CodePudding user response:

Your hash keys are symbols not strings.

jsonIn["wh_Repeating"] should be jsonIn[:wh_Repeating]

Also, sorted.sort_by { |k,v| v[:"Expiry_Date"] } does not mutate sorted.

sort_by does not mutate the receiver. In other words, the value of sorted remains the same. There is a bang version (sort_by!) that does mutate (a side-effect) but the use of mutating functions is discouraged.

This does what you want to do.

jsonIn[:wh_Repeating].sort_by { |h| h.dig(:wh, :Expiry_Date) }

CodePudding user response:

I would do it like this:

data = {:wh_Repeating=>
         [{:wh=>{:Item_Number=>"111166", :Expiry_Date=>"2023-05-05"}},
          {:wh=>{:Item_Number=>"111167", :Expiry_Date=>"2023-05-01"}},
          {:wh=>{:Item_Number=>"111168", :Expiry_Date=>"2023-05-09"}}]}

data[:wh_Repeating].sort_by! { |hash| hash[:wh][:Expiry_Date] }

data
#=>   {:wh_Repeating=>               
        [{:wh=>{:Item_Number=>"111167", :Expiry_Date=>"2023-05-01"}},
         {:wh=>{:Item_Number=>"111166", :Expiry_Date=>"2023-05-05"}},
         {:wh=>{:Item_Number=>"111168", :Expiry_Date=>"2023-05-09"}}]}

CodePudding user response:

I have assumed the original hash (h below) is not to be mutated (modified).

h = { :wh_Repeating=>[
        {:wh=>{:Item_Number=>"111166", :Expiry_Date=>"2023-05-05"}},
        {:wh=>{:Item_Number=>"111167", :Expiry_Date=>"2023-05-01"}},
        {:wh=>{:Item_Number=>"111168", :Expiry_Date=>"2023-05-09"}}
      ]
    }

As this hash has a single key (:wh_Repeating), we can simply write the structure of the desired hash as

{ :wh_Repeating=>... }

and then compute the value of :wh_Repeating.

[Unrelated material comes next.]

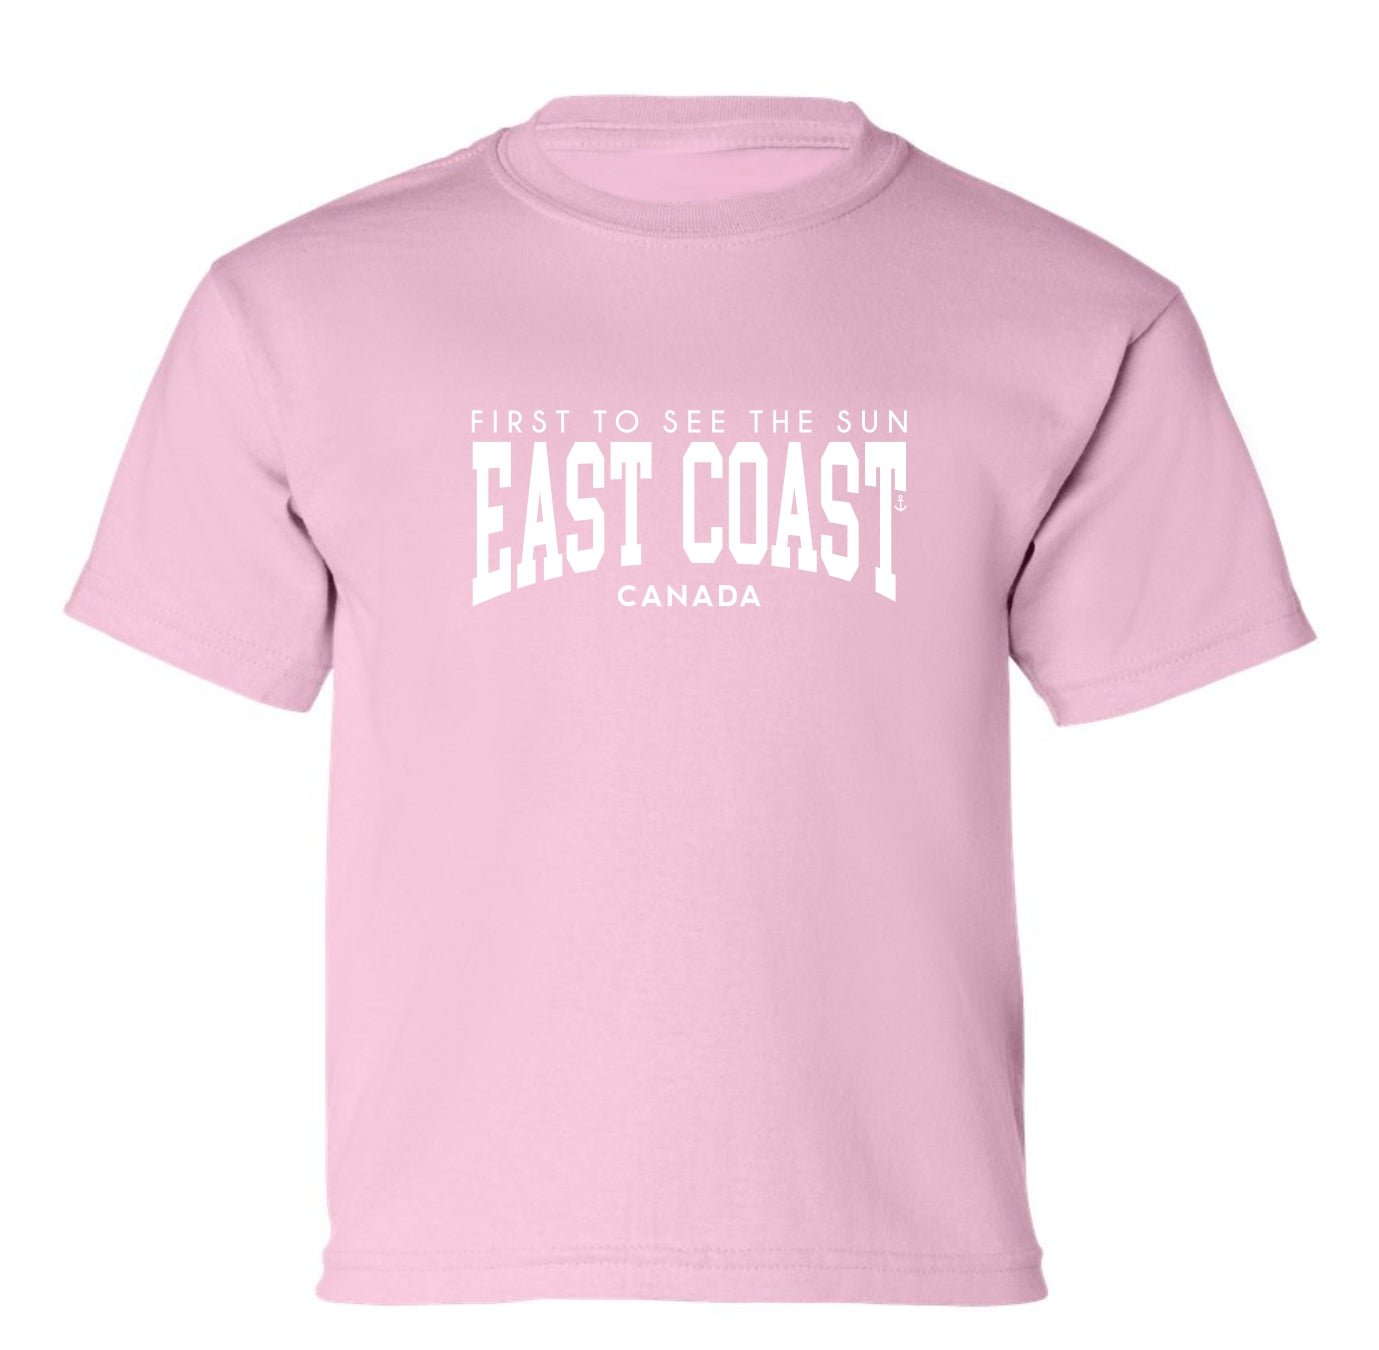 "East Coast - First To See The Sun" Toddler/Youth T-Shirt

{ :wh_Repeating=>h[:wh_Repeating].sort_by { |g| g[:wh][:Expiry_Date] } }
  #=> { :wh_Repeating=>[
  #       {:wh=>{:Item_Number=>"111167", :Expiry_Date=>"2023-05-01"}},
  #       {:wh=>{:Item_Number=>"111166", :Expiry_Date=>"2023-05-05"}},
  #       {:wh=>{:Item_Number=>"111168", :Expiry_Date=>"2023-05-09"}}
  #     ]
  #   }

The original hash h is unchanged, which can be easily verified.